Braised root vegetables with Vegemite, brown rice and radish salad
Vegemite occupies a very specific place in the Australian culinary landscape – and has done for quite some time. It is synonymous with the whitest of bread and buttery toast and very little else. But it’s time for Vegemite to step out of the shadows and look towards more interesting expressions in cooking.
I recall many years ago my grandmother sipping on Vegemite stirred into a mug of hot water. I also recall that despite it being a daily occurrence I always reacted with shock and mild disgust. But now I can see that Nan was a visionary.
Without pretending to have any insight into Vegemite production, I would say it is basically just miso. A much more potent and much less alive miso, to be sure, but it has a very similar profile. And if dealt with using suitable restraint, Vegemite – or its many very good alternative brands – delivers a umami uppercut when rubbed on meats, or vegetables such as pumpkin, prior to grilling. It’s also a hit when stirred through broths or mildly fatty sauces, lifting the flavour intensity to new levels.

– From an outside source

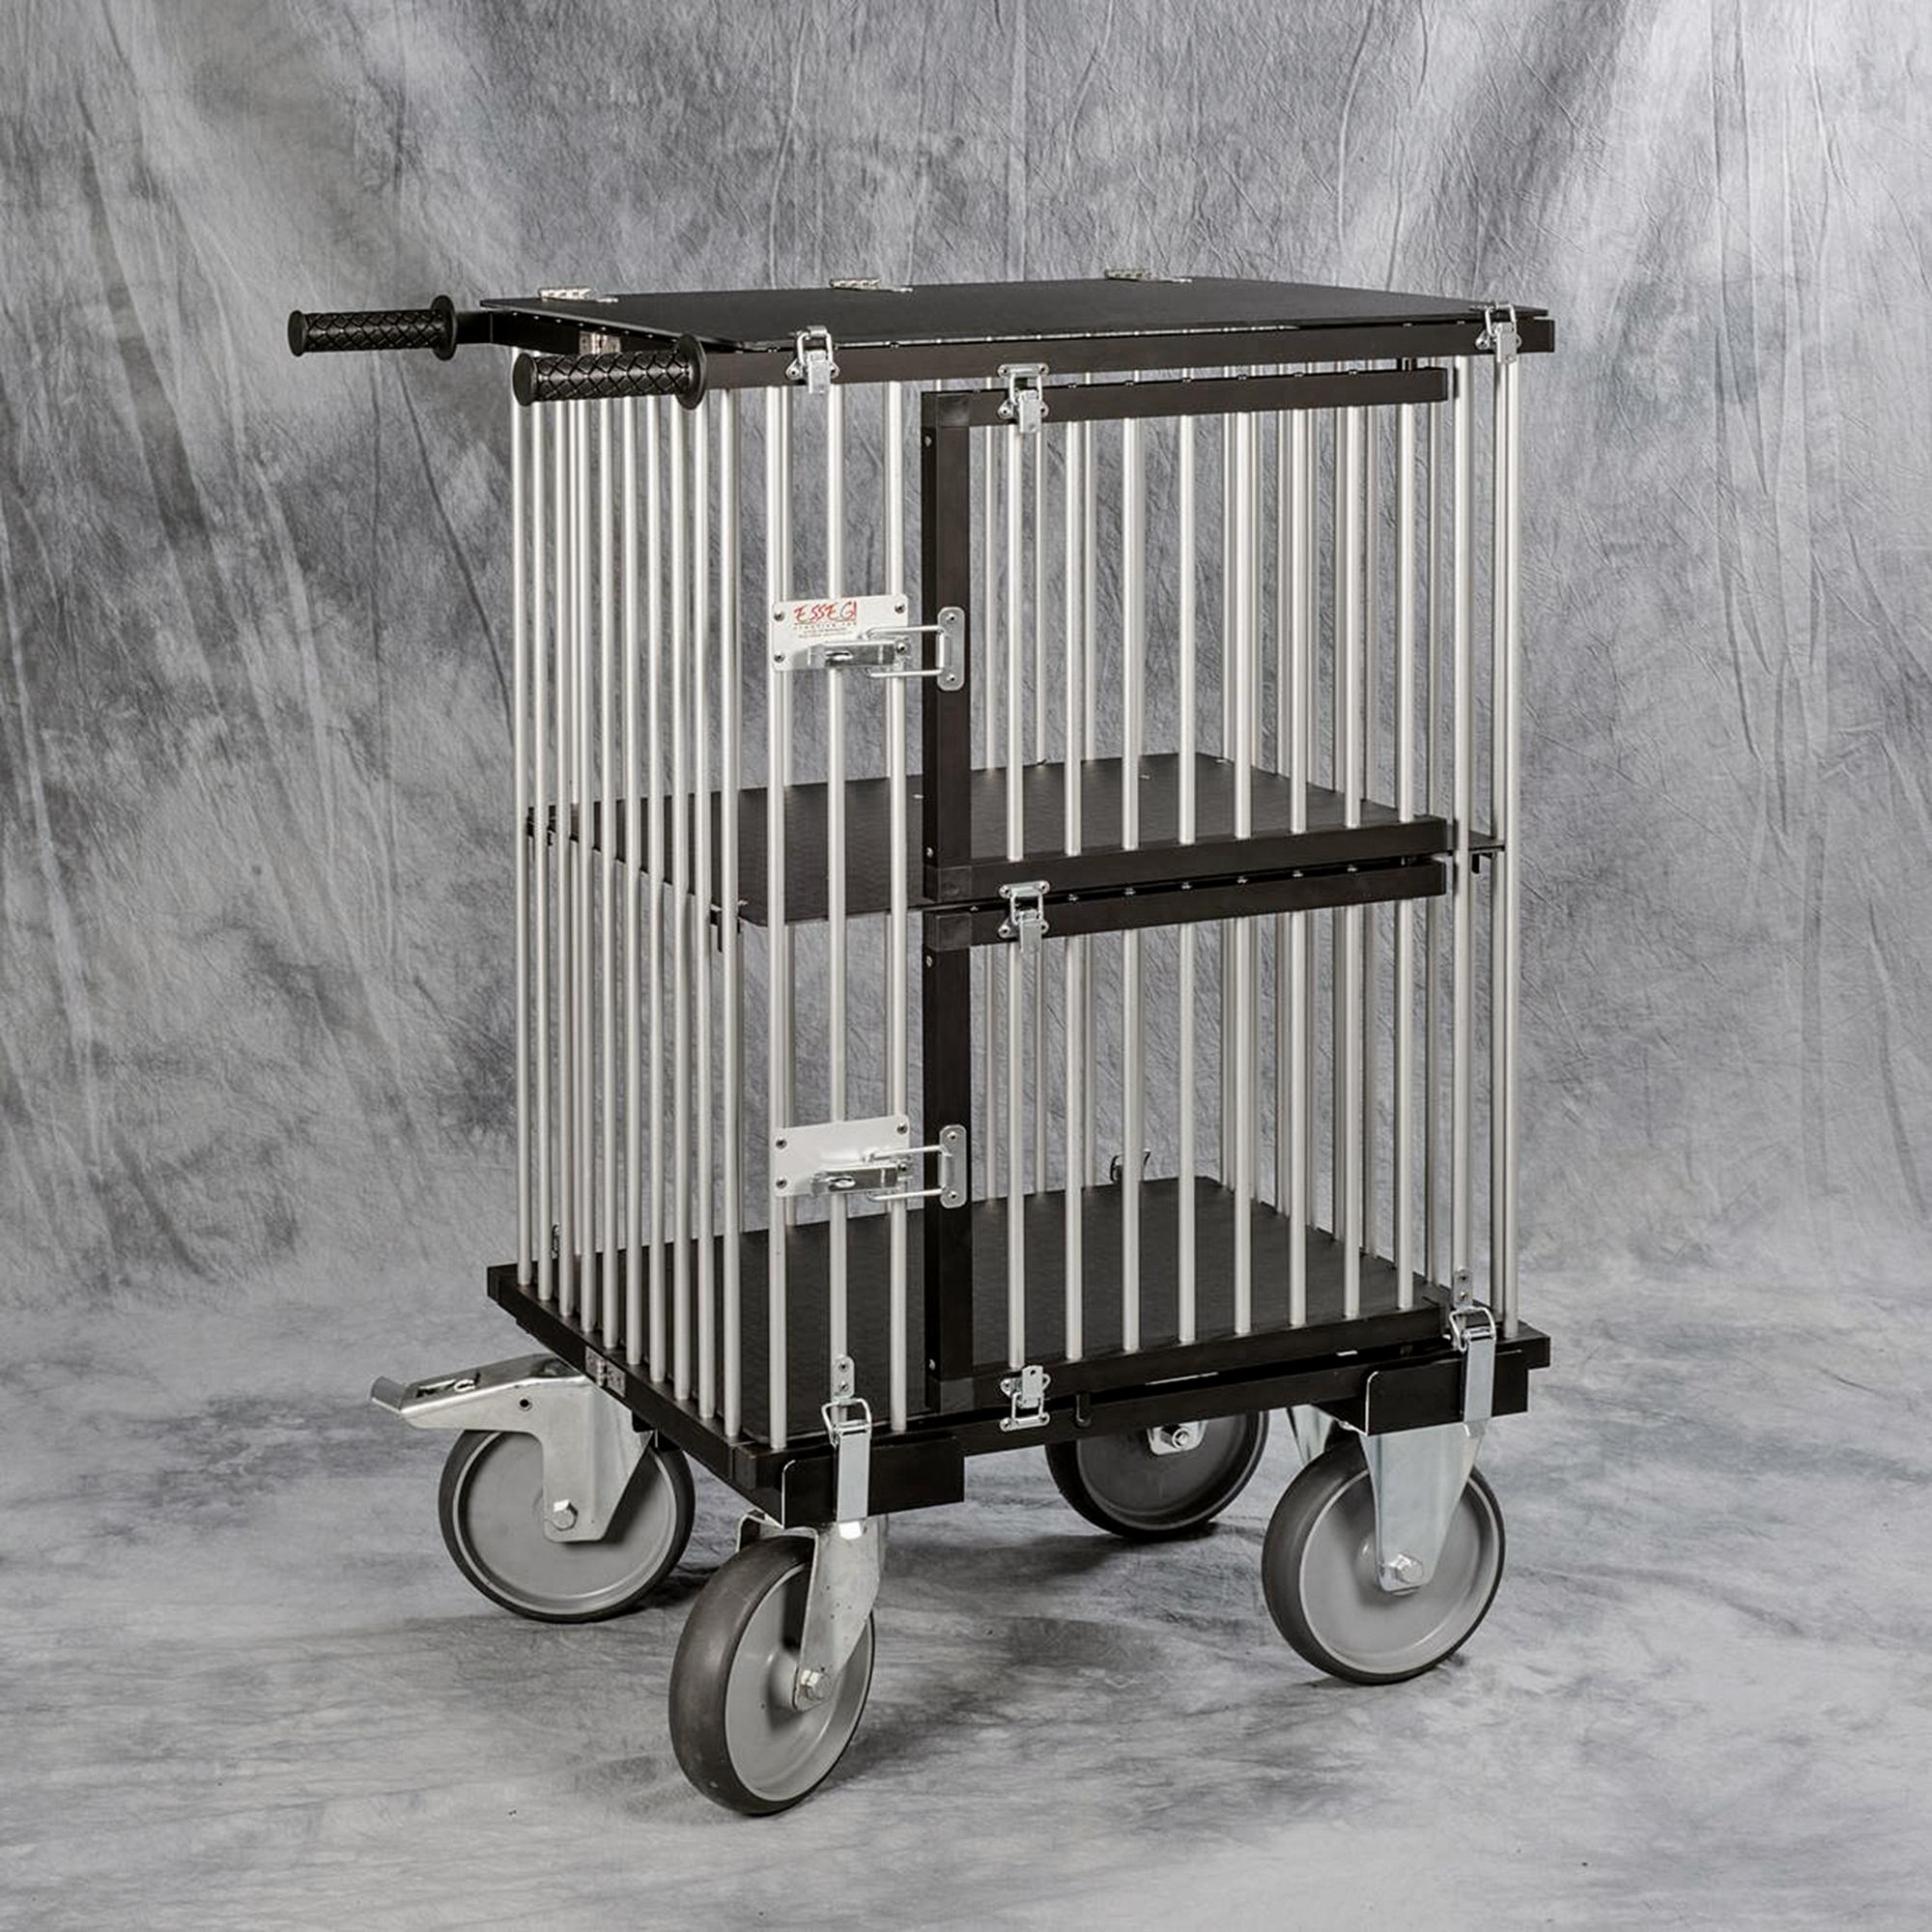 chariot cage alu pliable haute qualité 2 cases horizontales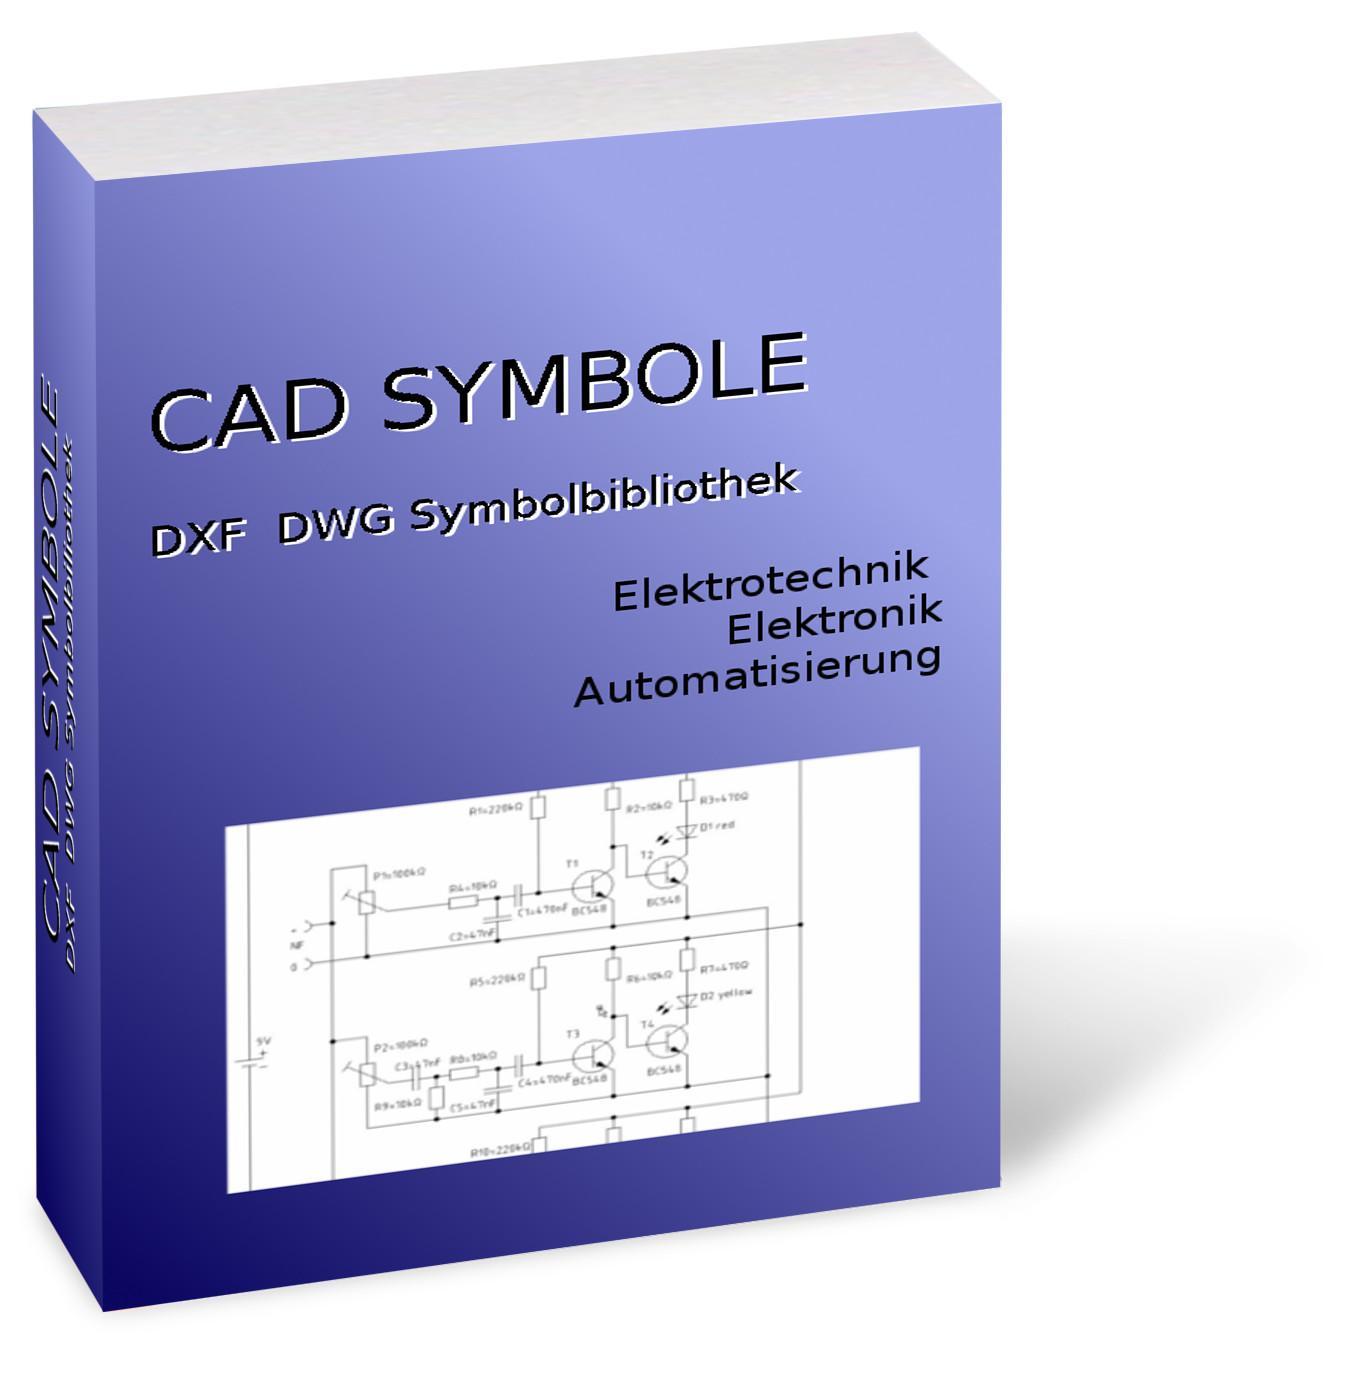 Elektro Symbolbibliothek - CAD SYMBOLE

So it seems Australians have been sitting on an underutilised commodity. But many chefs have been slipping it into dishes for some time. Now, with the cult-like status of such dishes as Khanh Nguyen’s roti served with Vegemite curry, it looks like this spread might become known more as a bona fide recipe ingredient and less as just a topping on your breakfast toast. It’s time to be inspired.
And while we’re speaking of inspiration, I should mention that my recipe for beef ktzitzot in the June 27–July 3 issue was strongly influenced by Shuki’s version that I regularly scoff down at Very Good Falafel in Brunswick.
- 1 large carrot
- 1 head fennel
- 1 brown onion
- 2 cloves garlic
- 2 green chillies
- 2.5cm ginger
- 60ml grapeseed oil
- 200ml sake
- 50ml rice vinegar
- 200ml stock
- 1 tbsp Vegemite
- 1 tbsp butter
- 15ml soy sauce
- 1 cup brown rice
- 1 bunch breakfast radishes
- salt and pepper
- Grate the carrot, fennel, onion, garlic, chillies and ginger using a box grater.
- Add the vegetables with the oil to a heavy-based pot with a firm-fitting lid and very gently sweat them over a low heat for about 20 minutes. Add the sake and the vinegar and cook for a further five minutes before adding the stock.
- Cook further until the stock reduces by half before finishing the braise with the Vegemite and the butter. Stir through until the mixture has emulsified and then season with the soy.
- Steam the rice by adding one-and-a-half times the quantity of water to the rice and boiling it for 15 minutes before letting it rest, covered, for a further five minutes.
- Pick the tender leaves from the radishes then top and tail the roots. Wash the lot in iced water before cutting the radishes into rounds and the leaves into thirds. Toss together and season lightly with salt and pepper.
- Plate up each bowl by dividing equal quantities of the rice, the braise and the radish salad.